High School datasets34,35 contain proximity events between high school students in Marseille, France. The datasets are recorded by sensors at 20 s intervals and contain data in the year of 2011, 2012 and 2013. Therefore, we can form three different temporal networks, i.e., High School 2011 (HS2011), High School 2012 (HS2012), High School 2013 (HS2013).

Primary School (PS)36 contains physical contacts between the children and teachers in a primary school.

Hypertext 2009 (HT2009)37 contains physical contacts between attendees in the ACM Hypertext 2009 conference.

SFHH conference data (SFHH)38 contains physical contacts between attendees in the 2009 SFHH conference in Nice, France.

Activity driven model

Given N nodes, we assign every node i with an active probability ai, which is defined as the probability of creating a new contact with another node at time step t. We assume ai is extracted from an activity distribution F(a), and the window of the network is [0, T]. The temporal network is then generated by the following steps:

  • At each time step t, we assume a network Gt having N nodes and no contact.

  • Every node i is activated with probability ai and connects to m randomly selected nodes. All the new contacts at time step t are added to Gt.
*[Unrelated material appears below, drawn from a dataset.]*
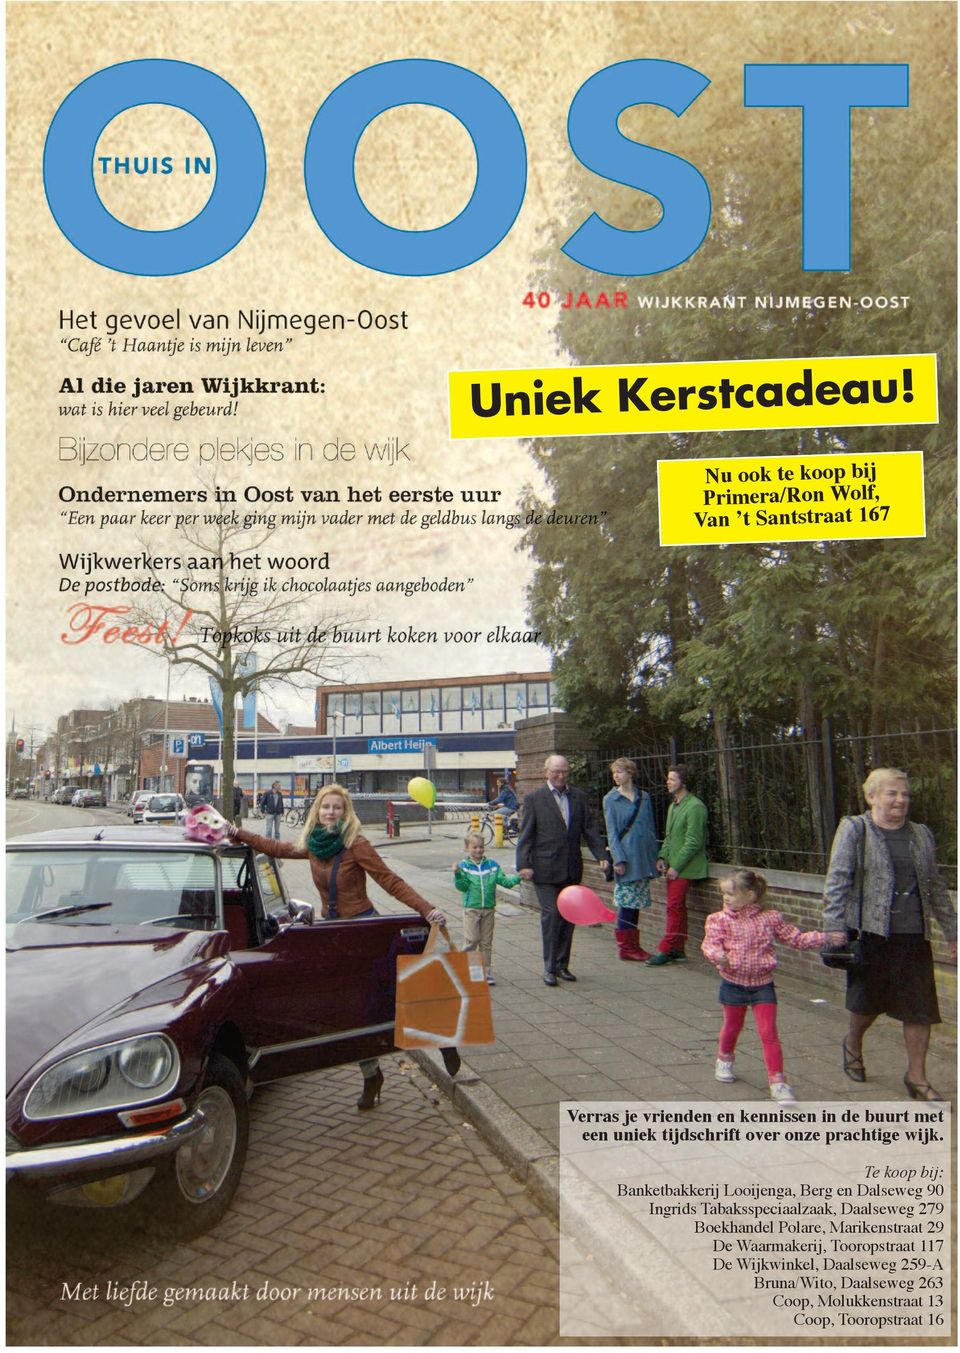 uniek tijdschrift over onze prachtige wijk.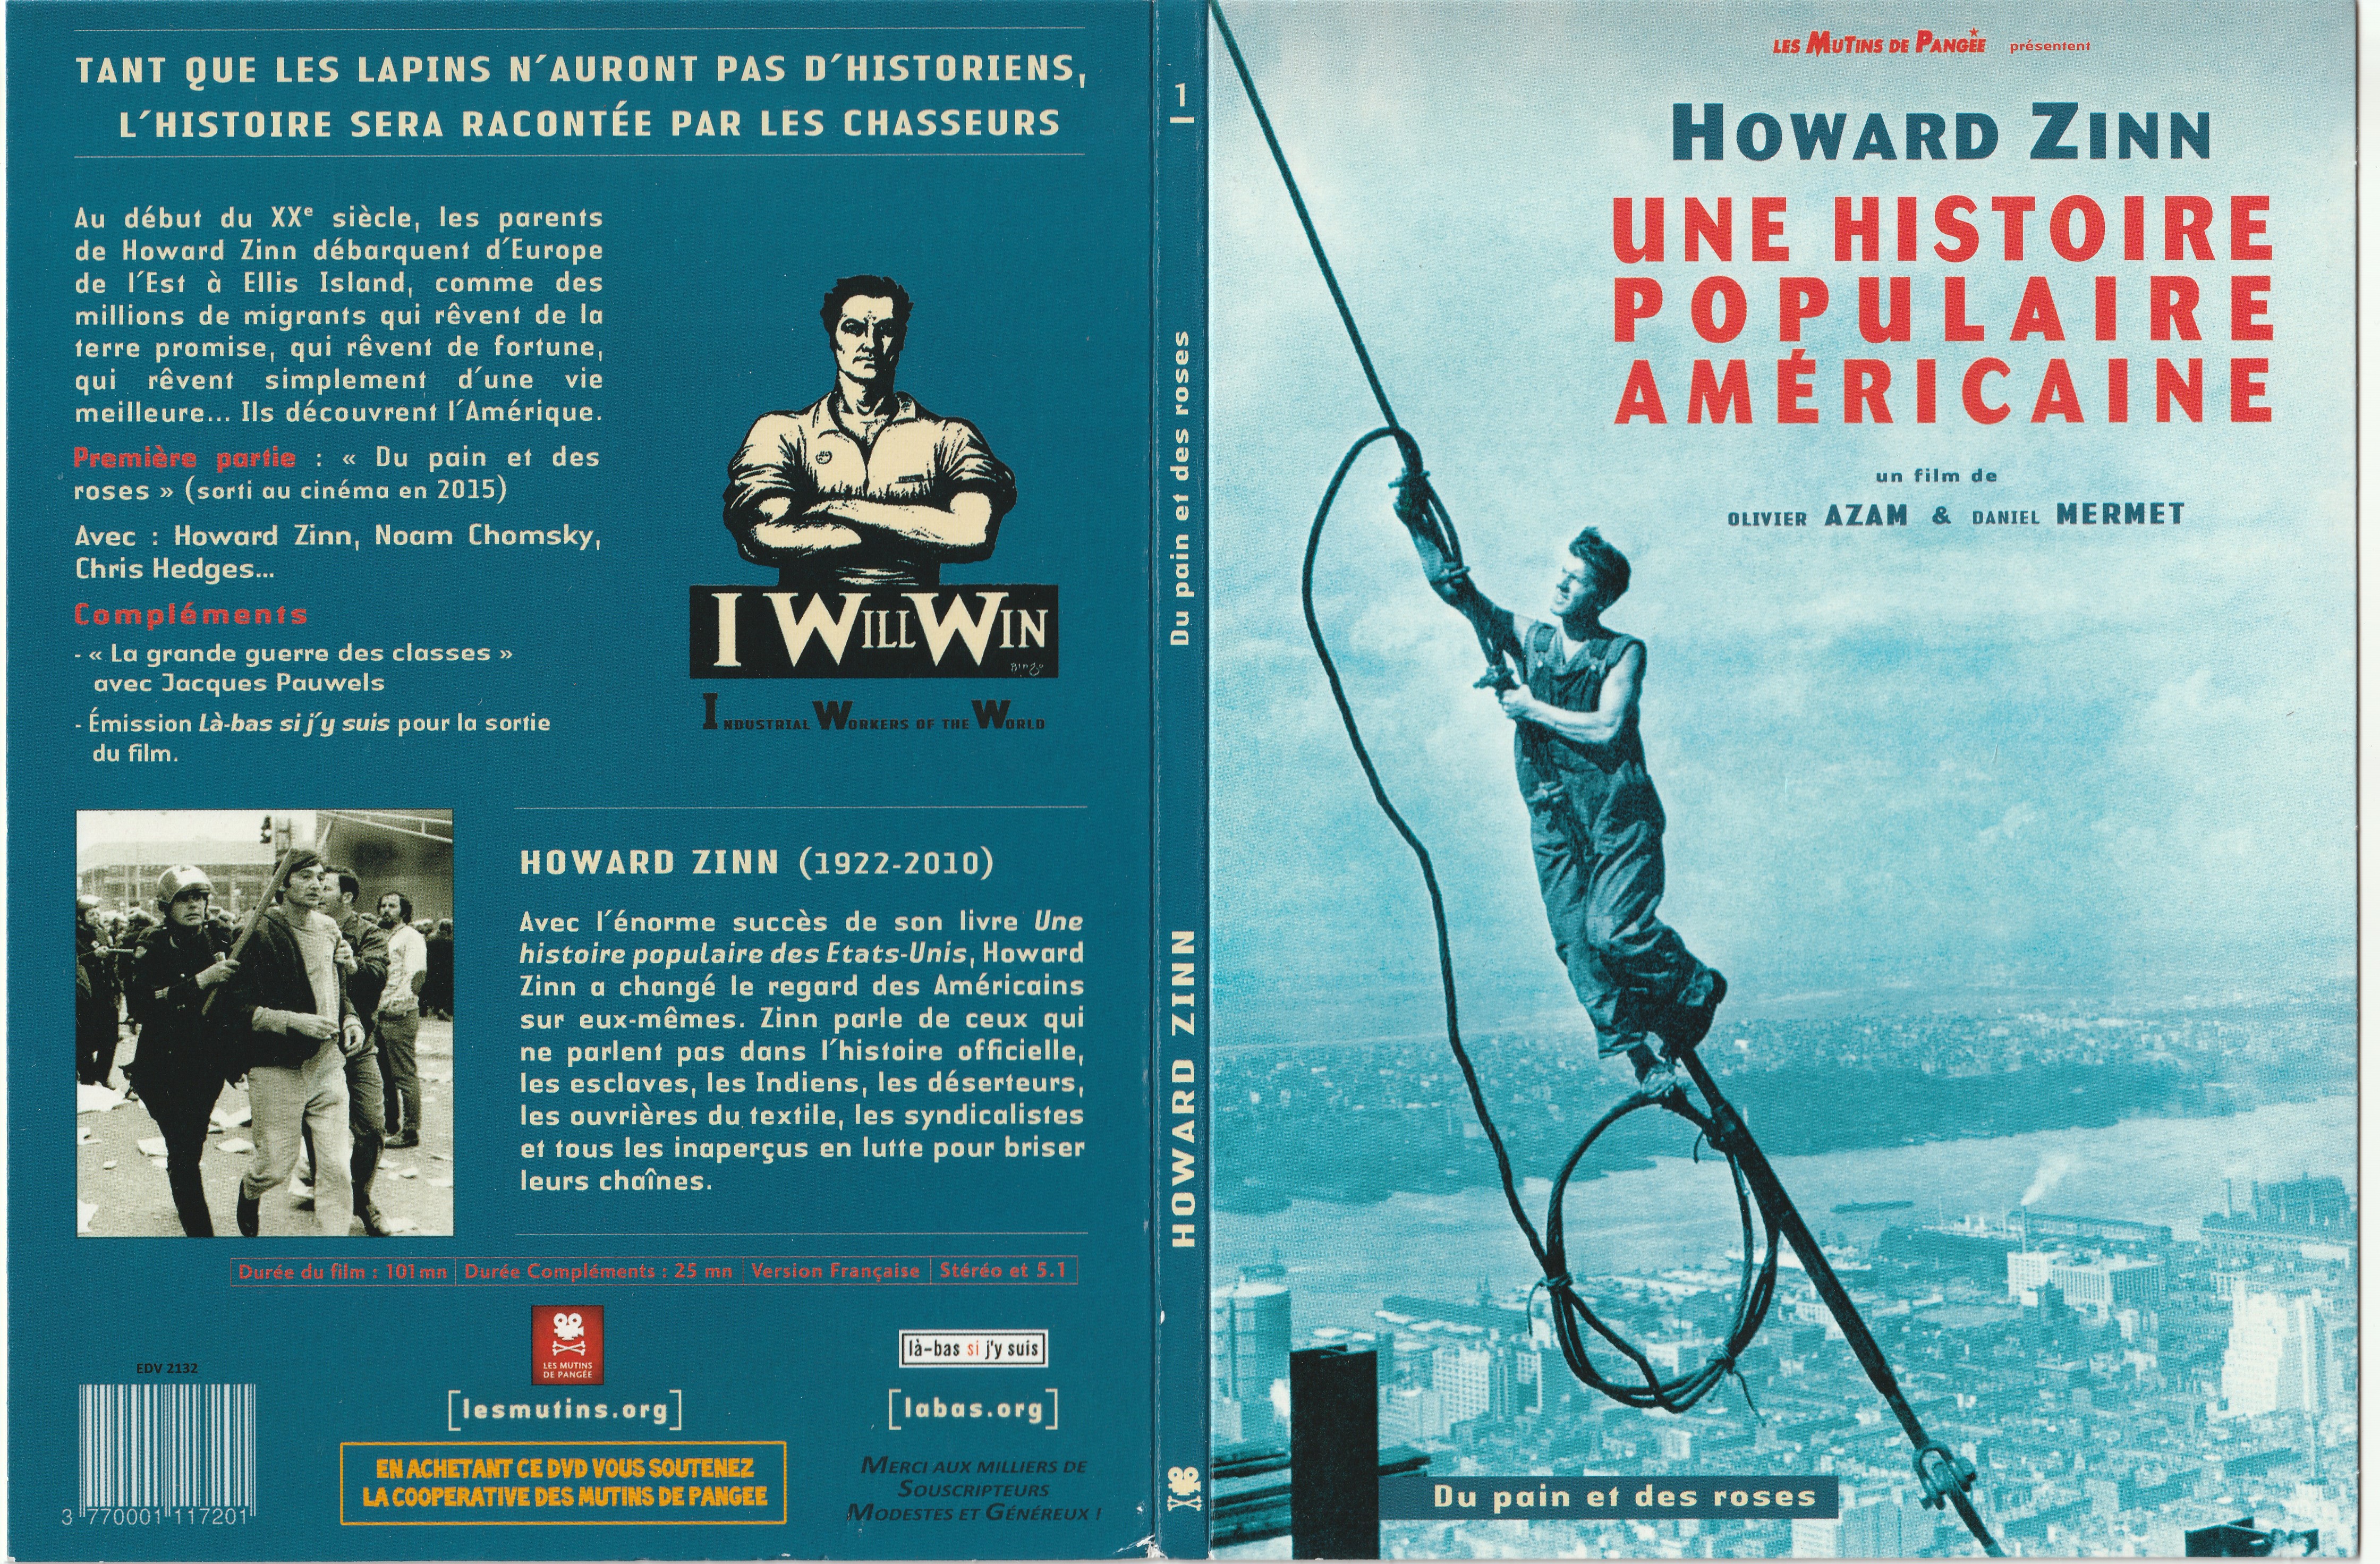 Jaquette DVD Howard Zinn une histoire populaire amricaine

Following these procedures, we can obtain a temporal network \(G(F(a),m)={\{{G}^{t}\}}_{t = 1}^{T}\), in which F(a) controls the node activity and m determines the number of contacts that every active node releases.

Temporal null models

In this work, we adopt six representative temporal null models as follows (Table 2 shows the static and temporal properties that are preserved or destroyed for each null model)39,40,41:

  • The equal-weight Link-sequence shuffled model (EWLSS) The link time sequences are exchanged uniformly at random between links with the same number of contacts.

  • Time shuffled model (TS) For all the contacts in a temporal network, the timestamps are randomly reshuffled.

  • Uniformly random times (URT) The timestamp of every contact is obtained uniformly at random from the given observation time window [0, T].

  • Configuration model (CM) A connected random static network \({G}^{\prime}\) is generated via the configuration model based on the given degree sequence of static network aggregated from the corresponding temporal network G, of which the timestamps are then randomly assigned on each link of \({G}^{\prime}\).

  • Random network (RN) A connected Erdős-Rényi network is generated based on the given number of nodes and links of the aggregated static network of a temporal network, of which the timestamps are then randomly assigned on each link of the obtained Erdős-Rényi network.